*Exercise prompt*: Copy, word for word, the lines of the listing below from the line with "ピアノソロ 優雅 ヒーリング 水 映像の未再生の波形" up to and including the line with "45 luxus deko". Drop the pictures.

*Information supplied*:
=== Begin Enclosure ===
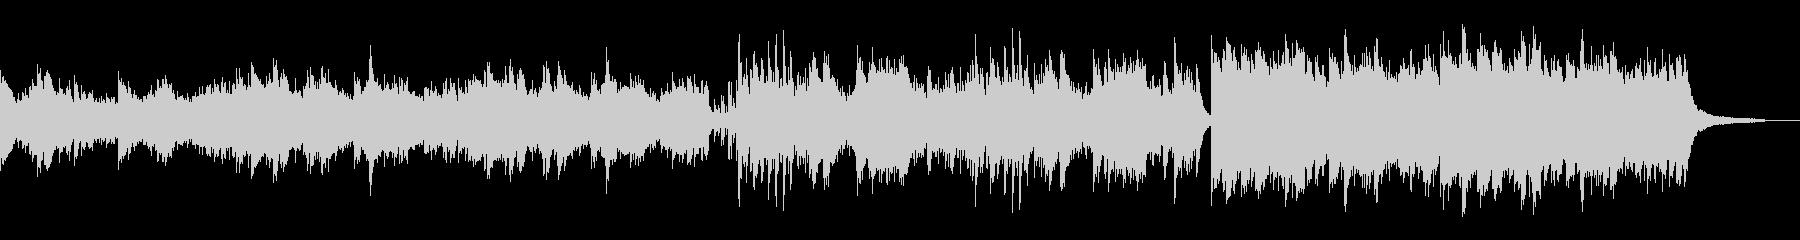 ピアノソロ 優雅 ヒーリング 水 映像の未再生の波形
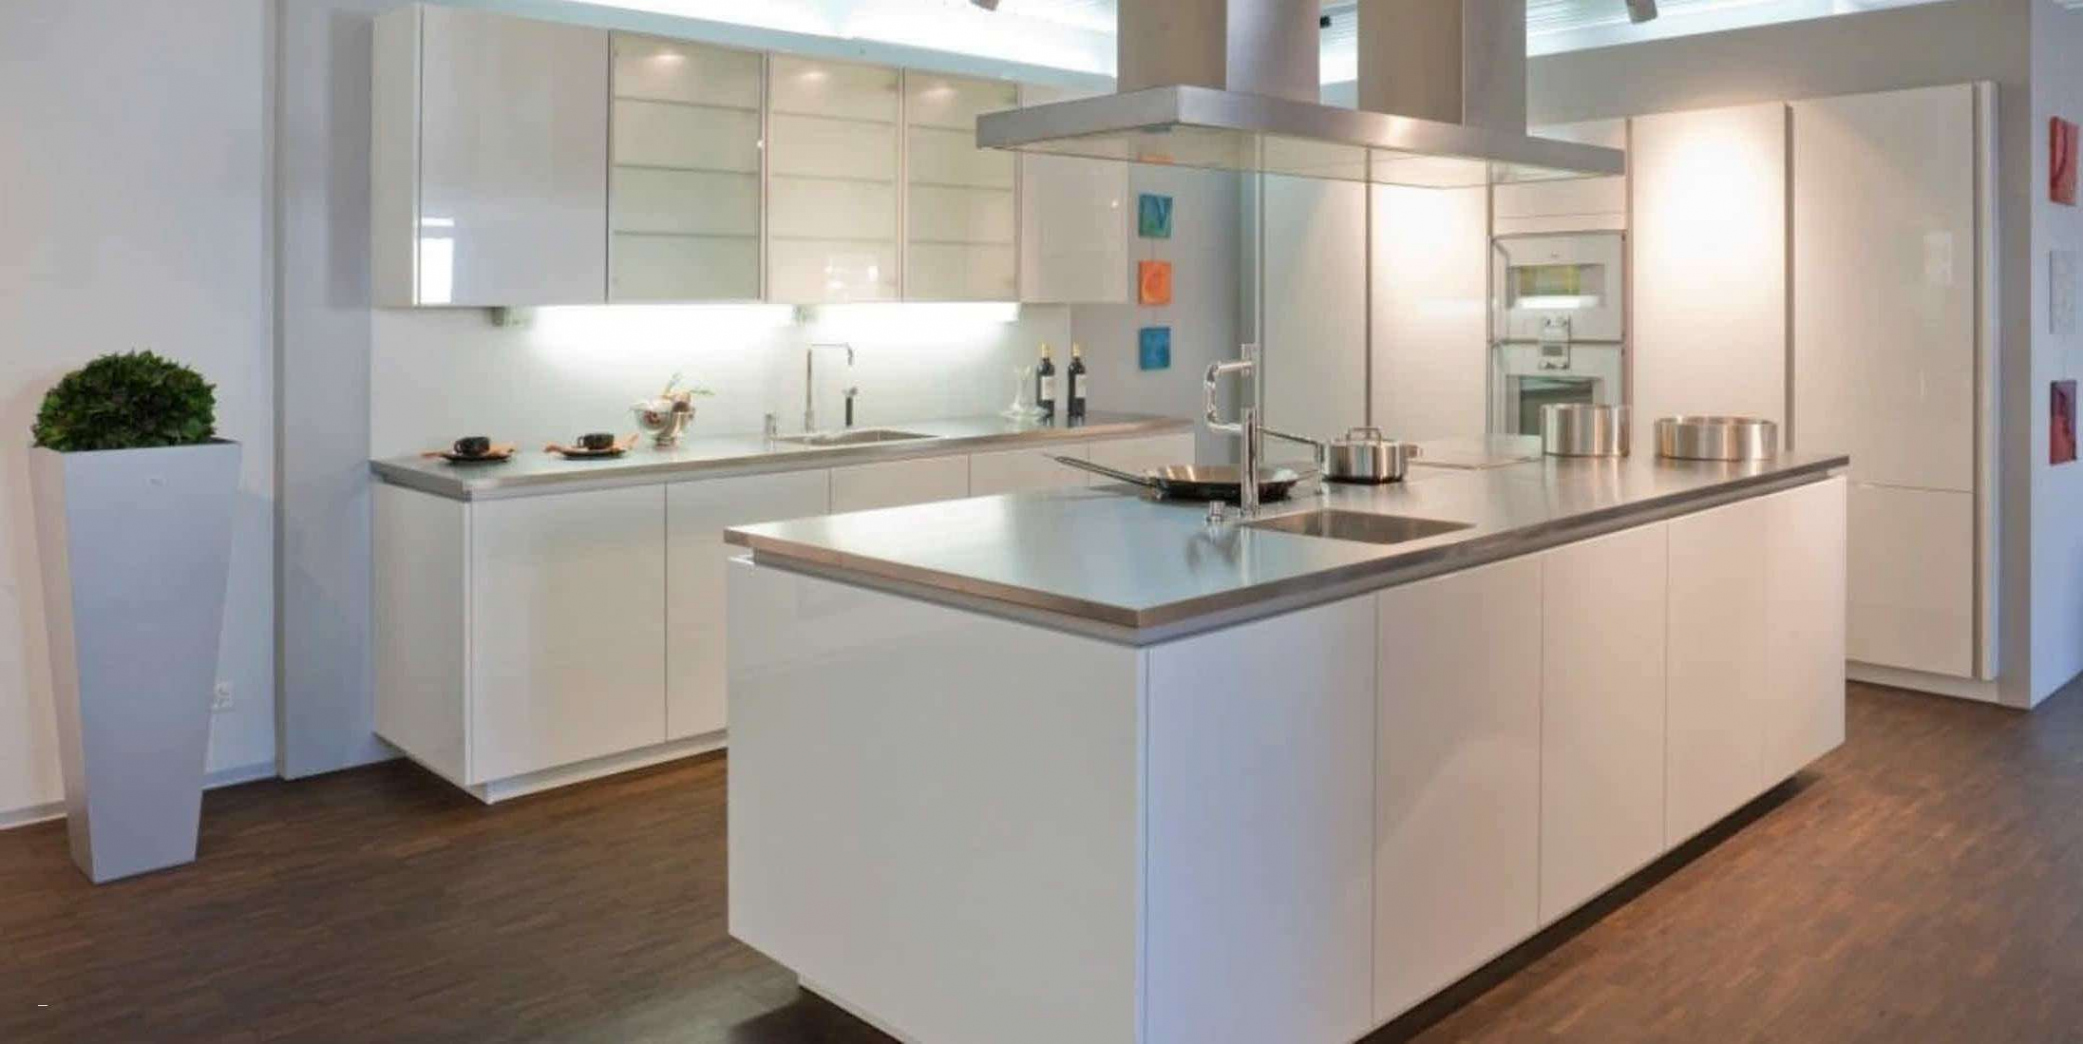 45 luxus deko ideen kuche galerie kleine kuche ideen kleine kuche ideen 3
=== End Enclosure ===
=== Begin Enclosure ===
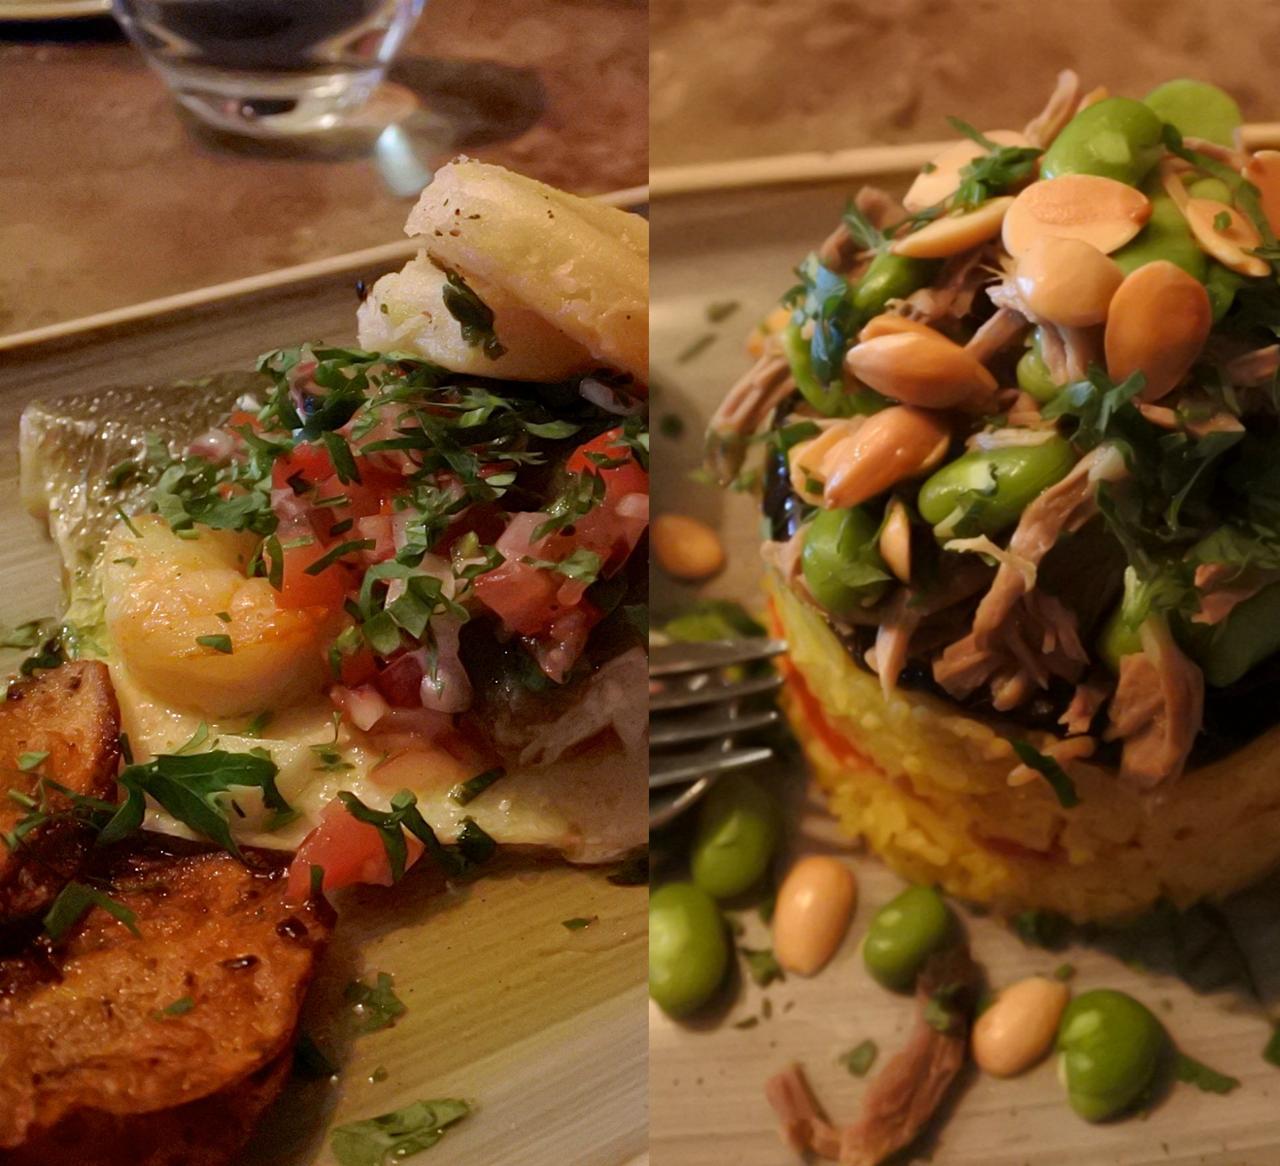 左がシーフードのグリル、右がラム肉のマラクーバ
=== End Enclosure ===
=== Begin Enclosure ===
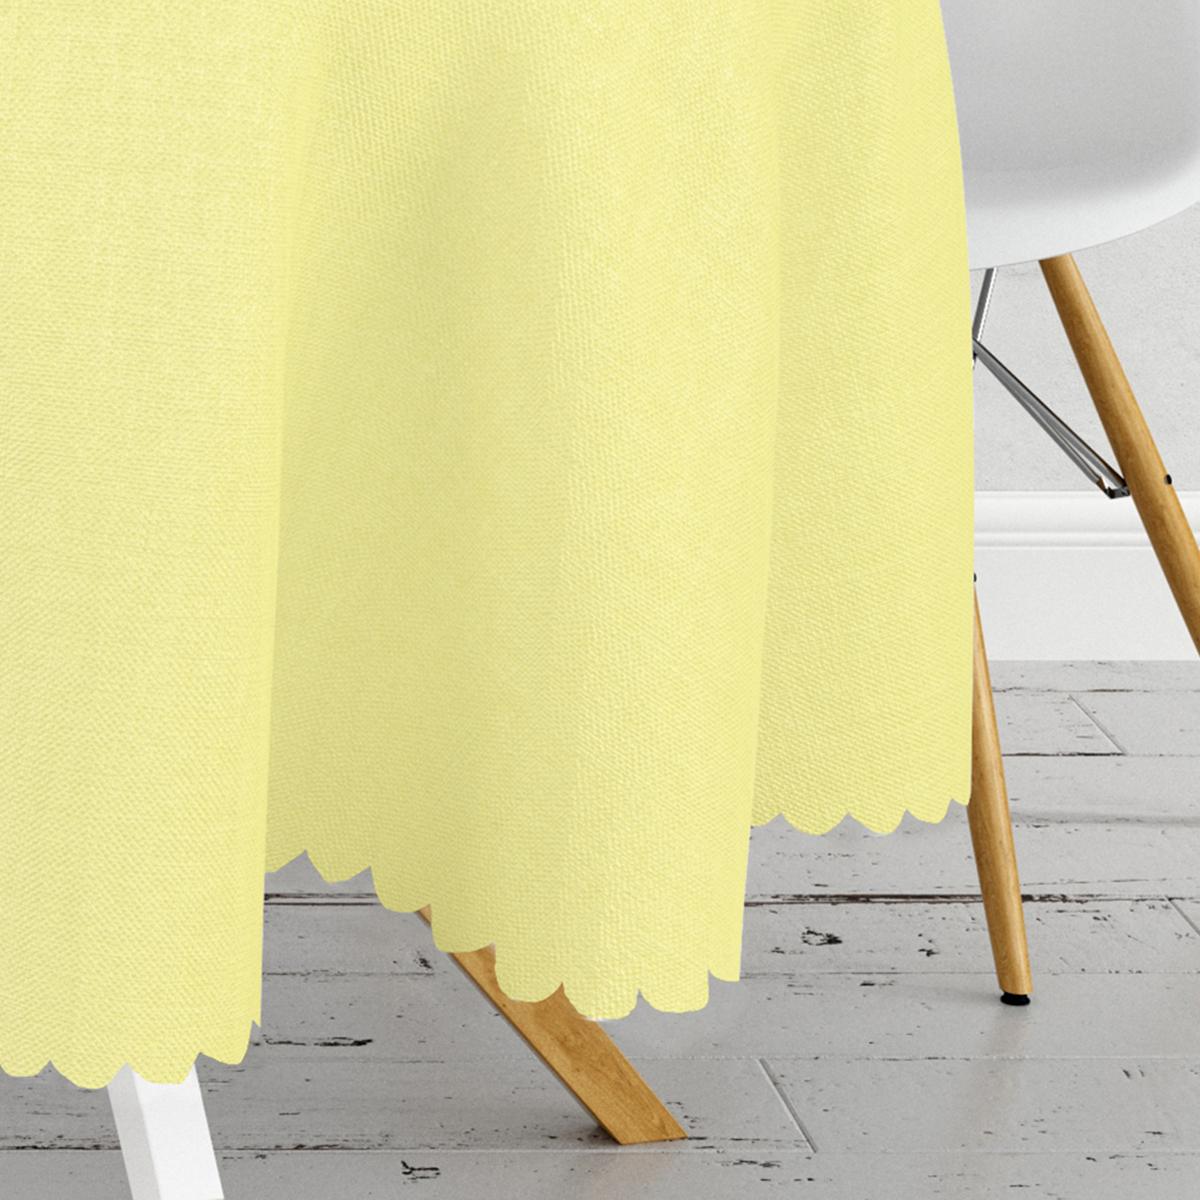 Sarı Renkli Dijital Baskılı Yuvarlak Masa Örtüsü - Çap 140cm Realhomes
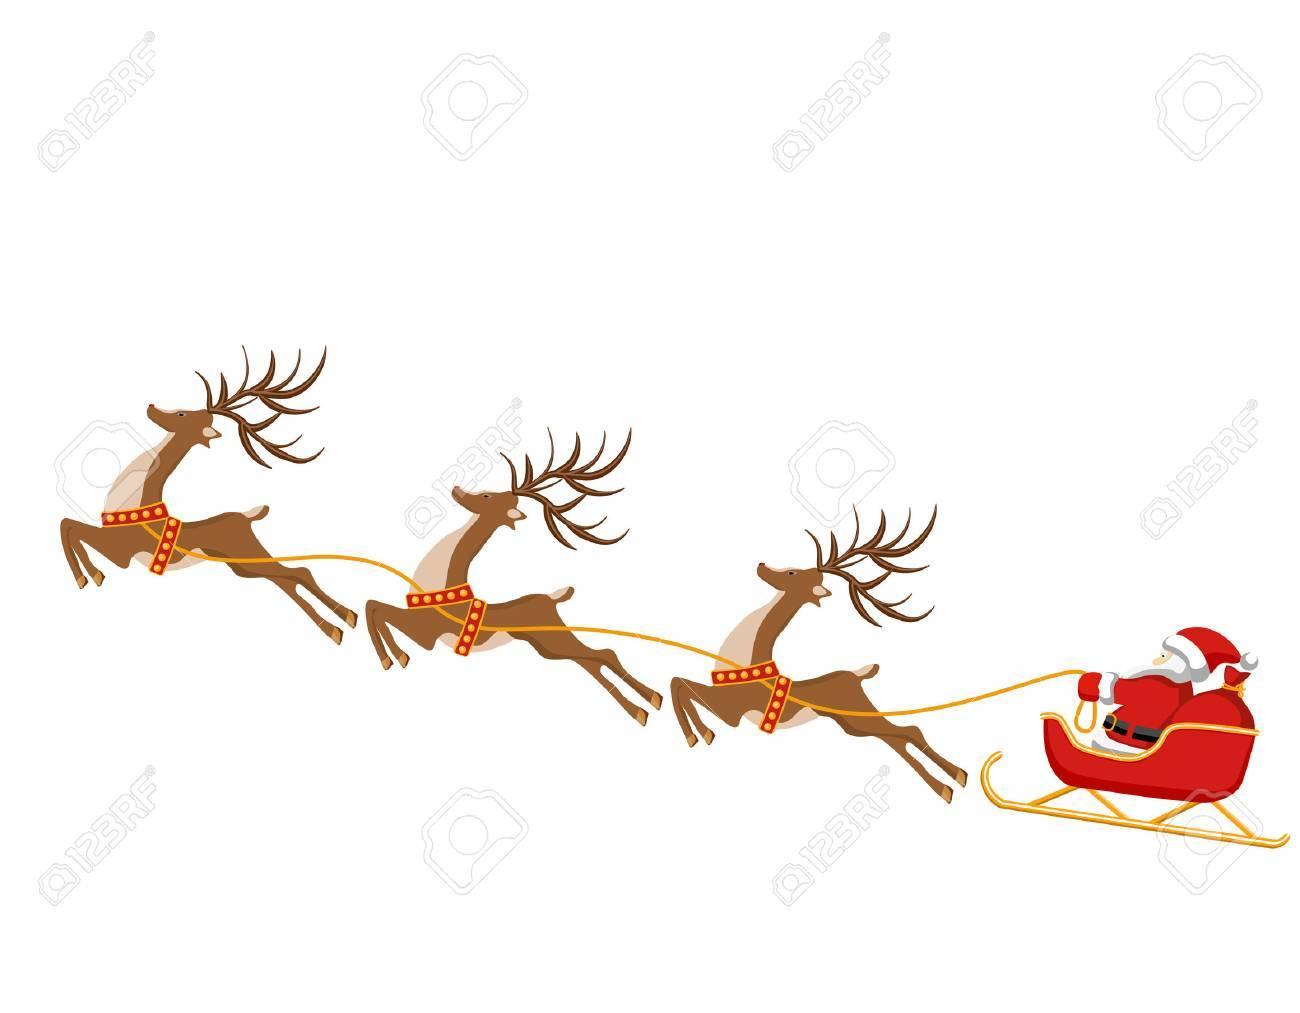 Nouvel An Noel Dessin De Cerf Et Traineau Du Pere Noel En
=== End Enclosure ===
*Answer box*:
 ピアノソロ 優雅 ヒーリング 水 映像の未再生の波形
 45 luxus deko ideen kuche galerie kleine kuche ideen kleine kuche ideen 3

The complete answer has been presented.